_YOUR TASK_
Start at the line that contains "Rest area on the cycle path near Ronov" in the listing below and extract every line through the last, exactly; leave pictures out.

_DATA PROVIDED_

* * * *

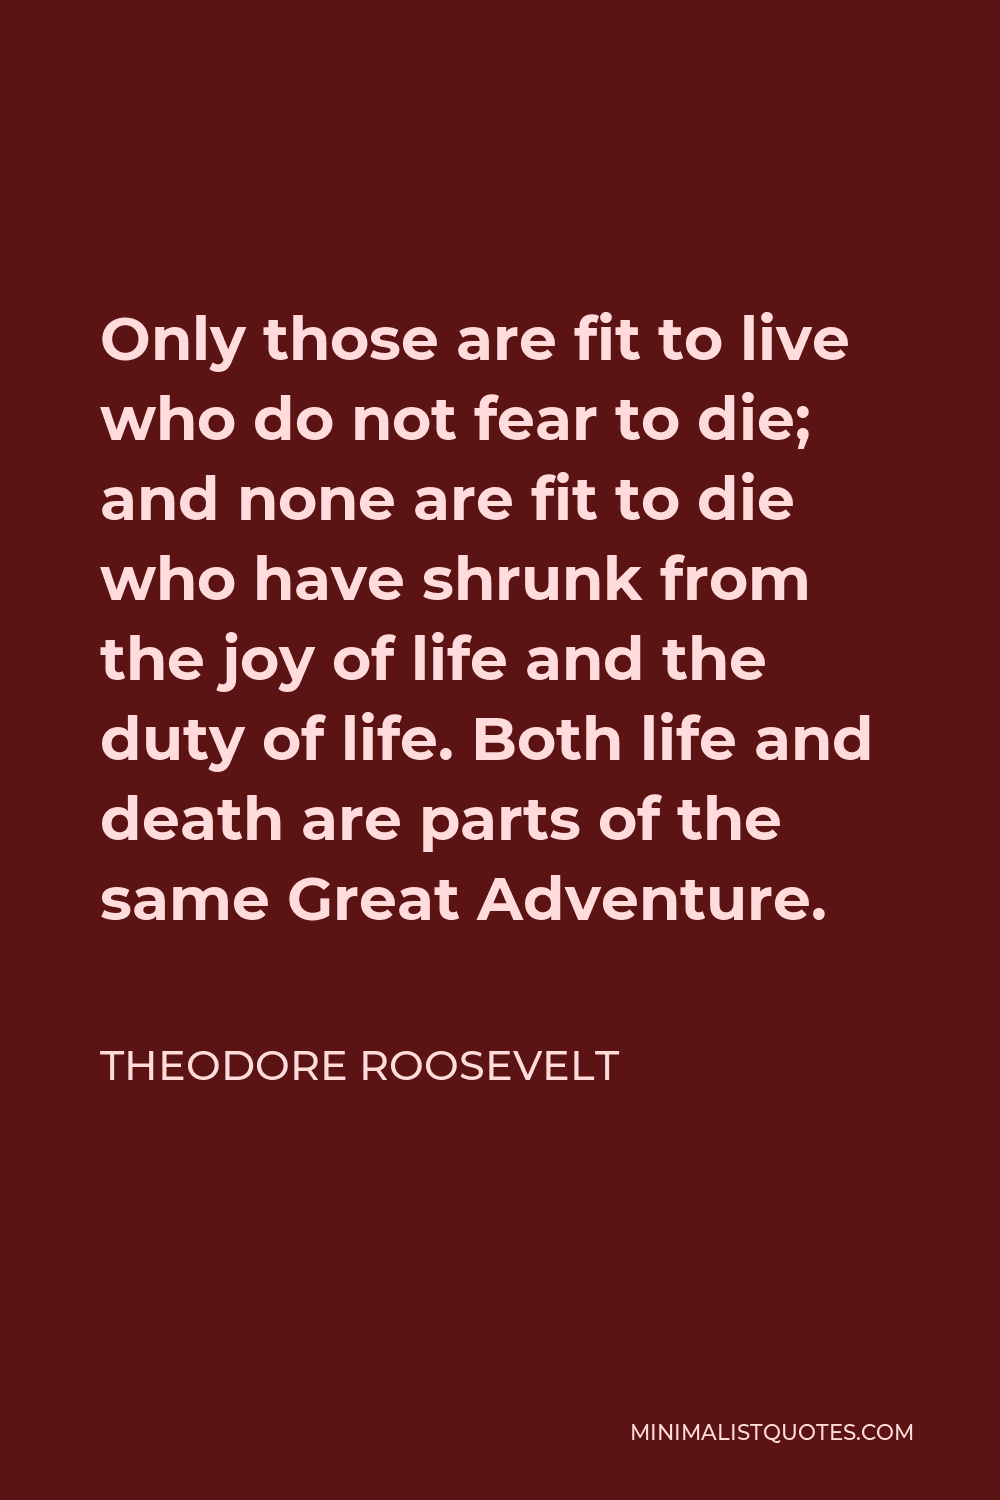 Theodore Roosevelt Quote - Only those are fit to live who do not fear to die; and none are fit to die who have shrunk from the joy of life and the duty of life. Both life and death are parts of the same Great Adventure.
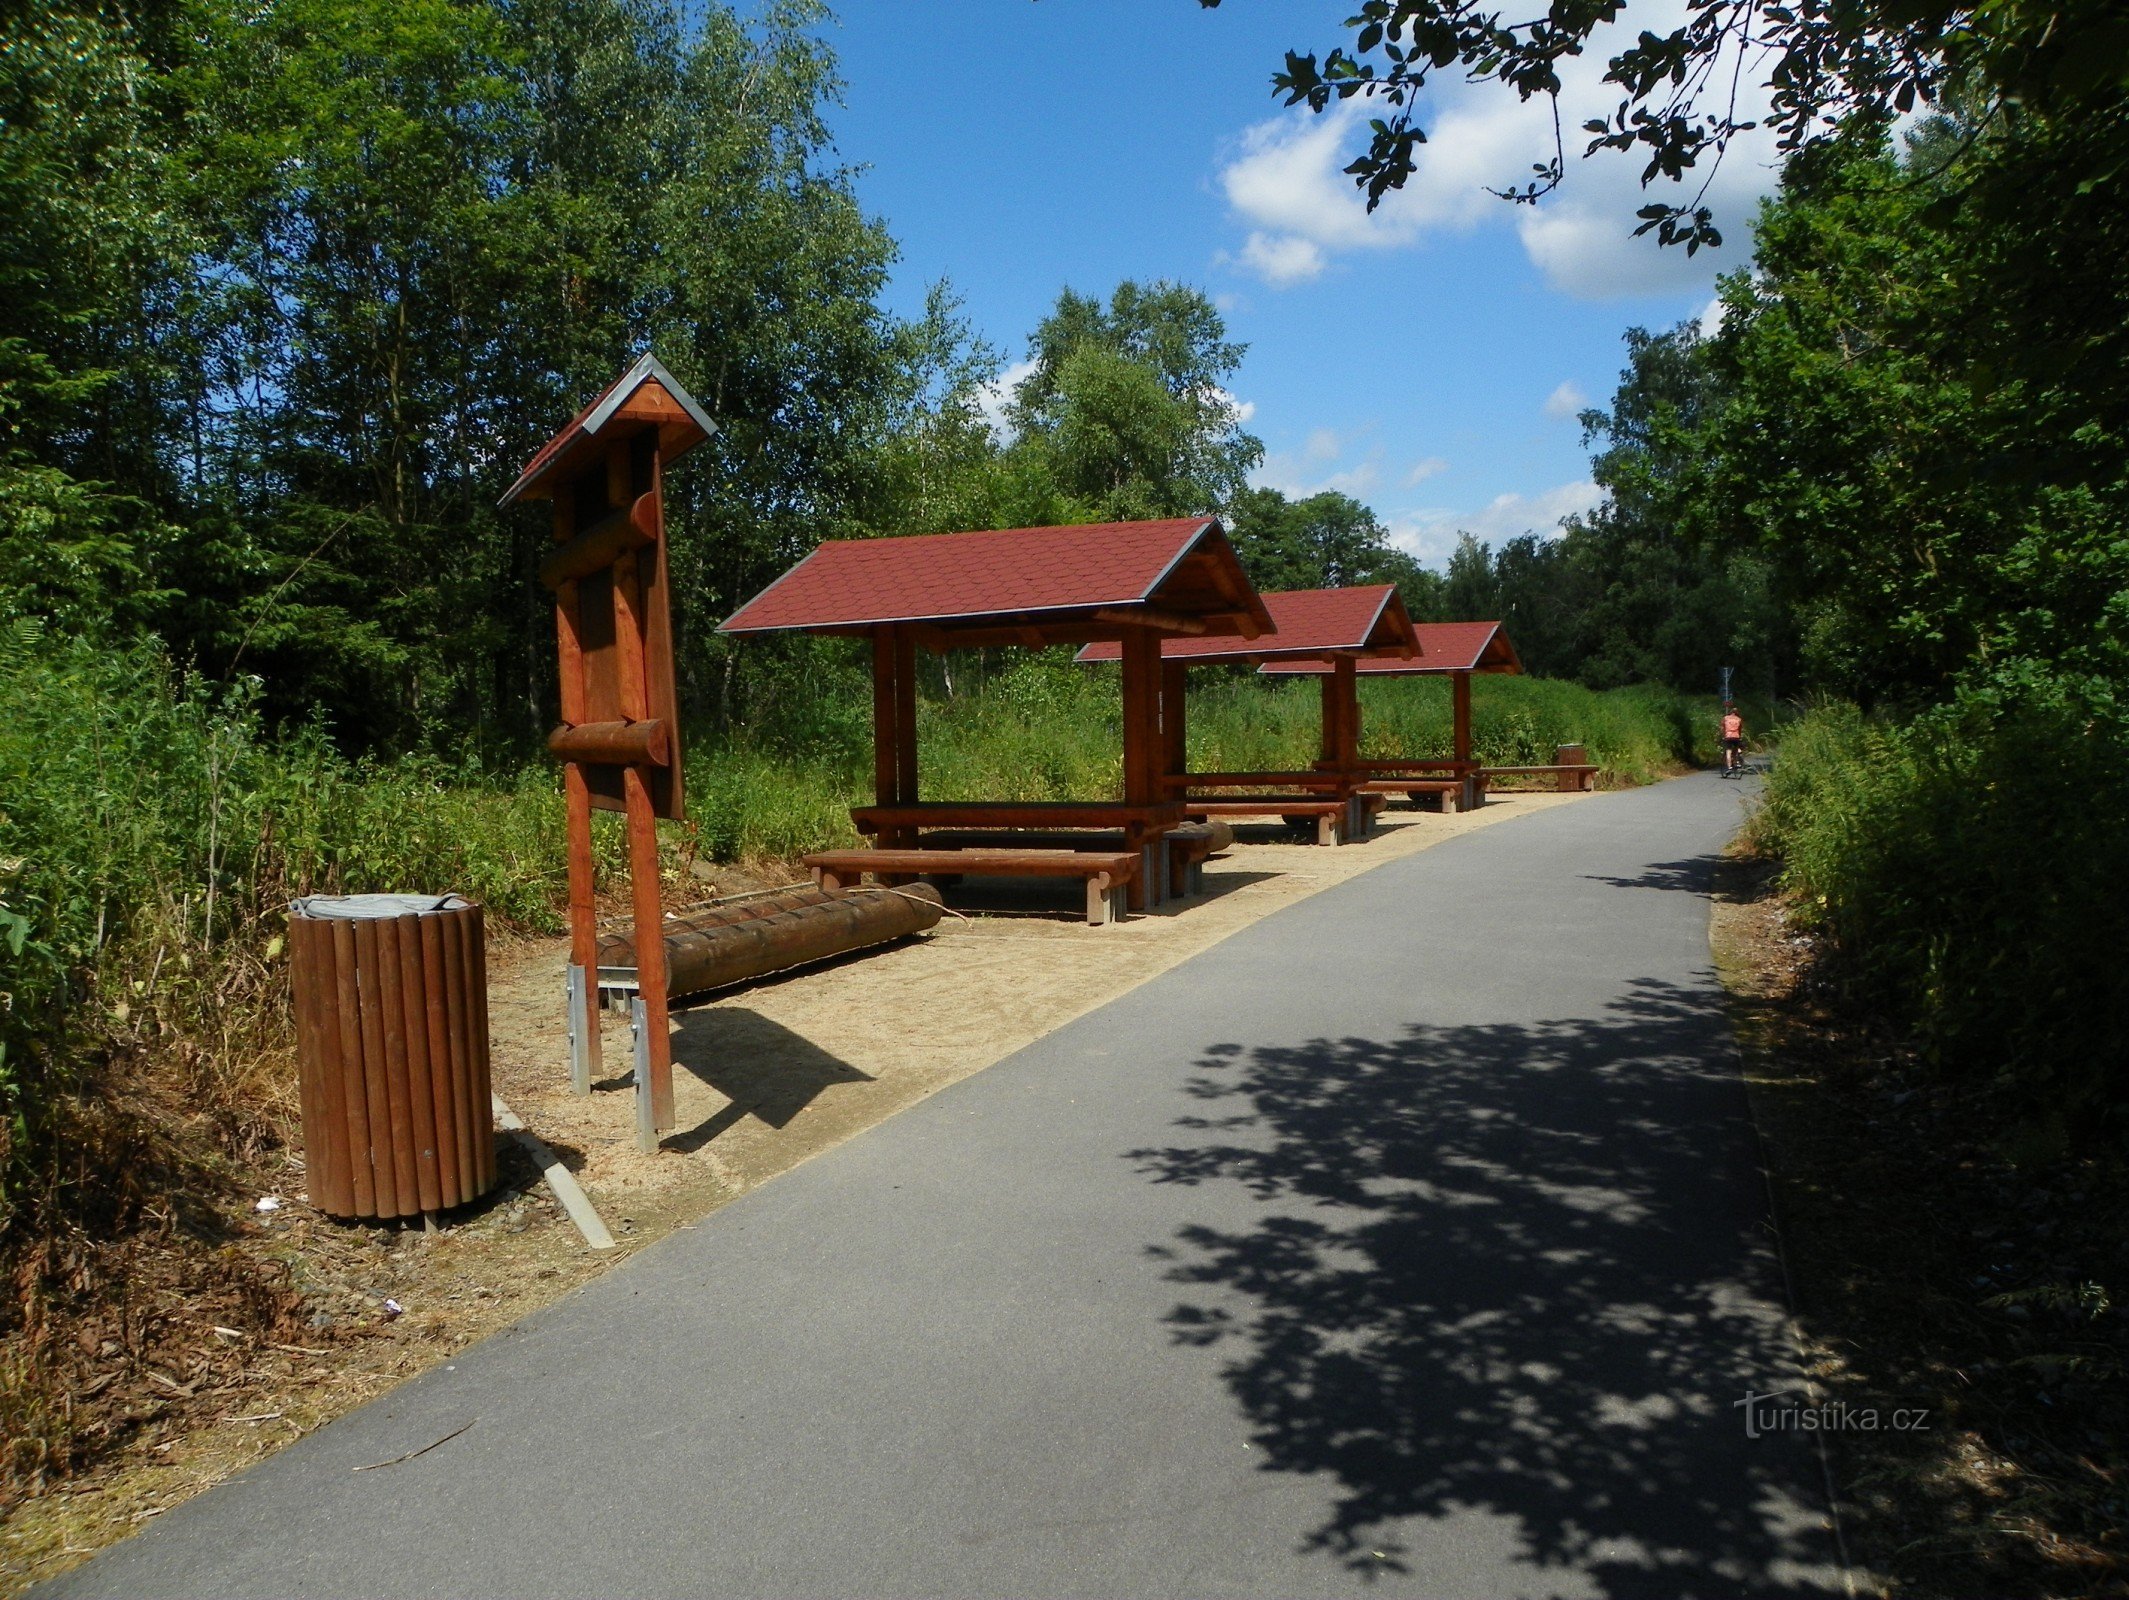 Rest area on the cycle path near Ronov
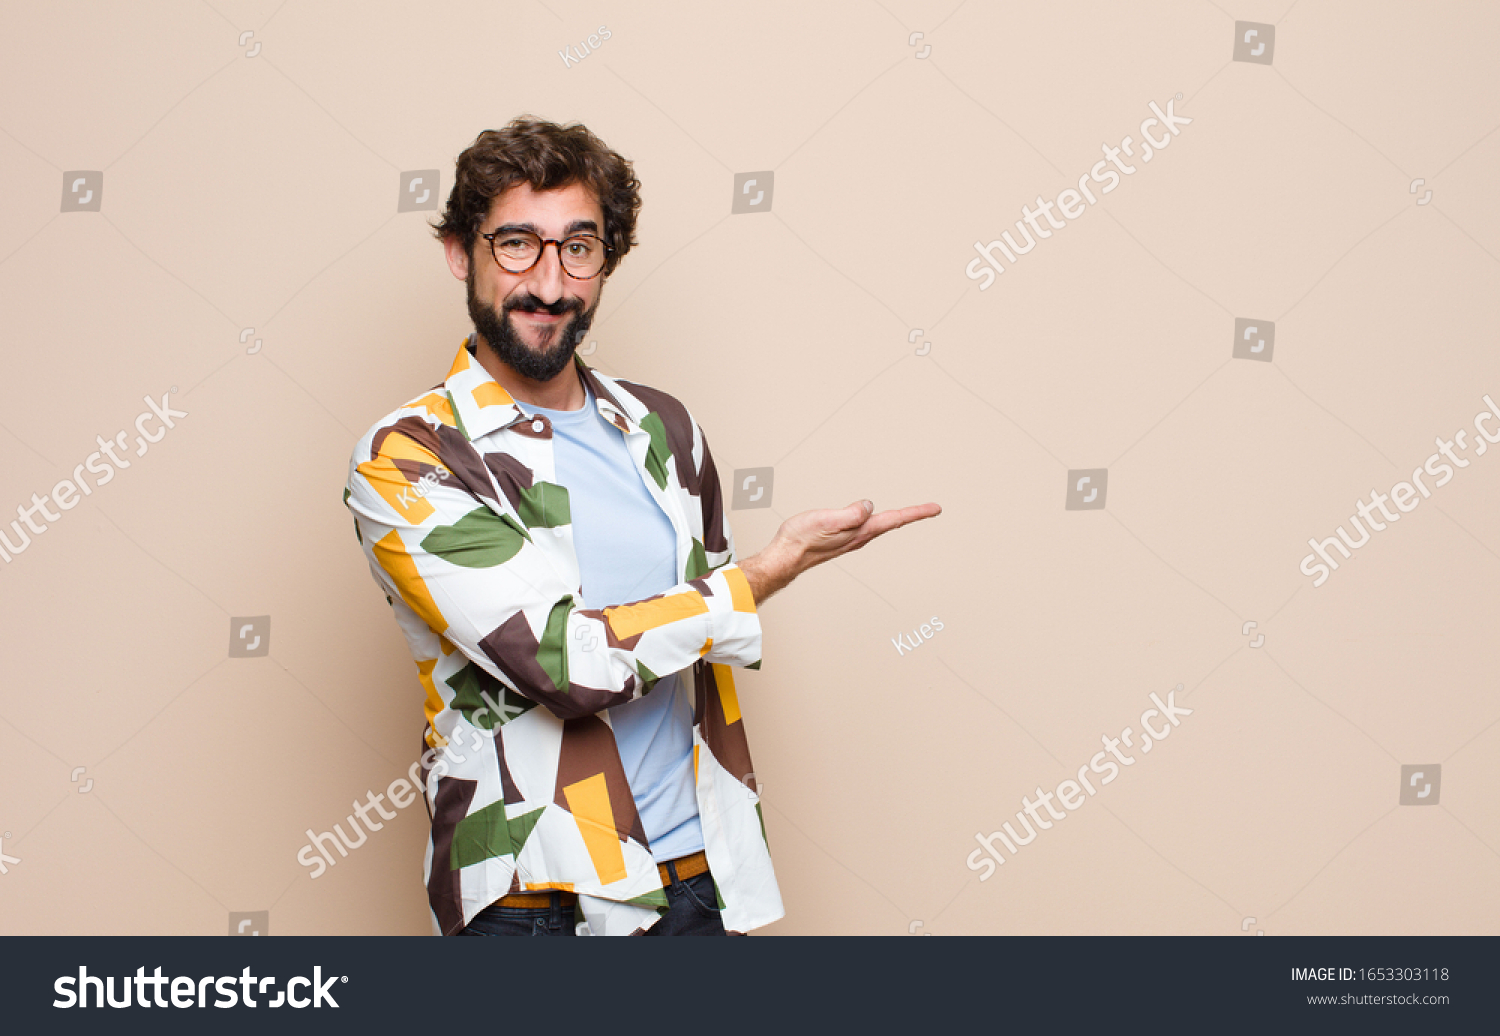 young cool bearded man expressing a concept against flat wall #1653303118

* * * *

_RESPONSE TO THE EXERCISE_
 Rest area on the cycle path near Ronov
 young cool bearded man expressing a concept against flat wall #1653303118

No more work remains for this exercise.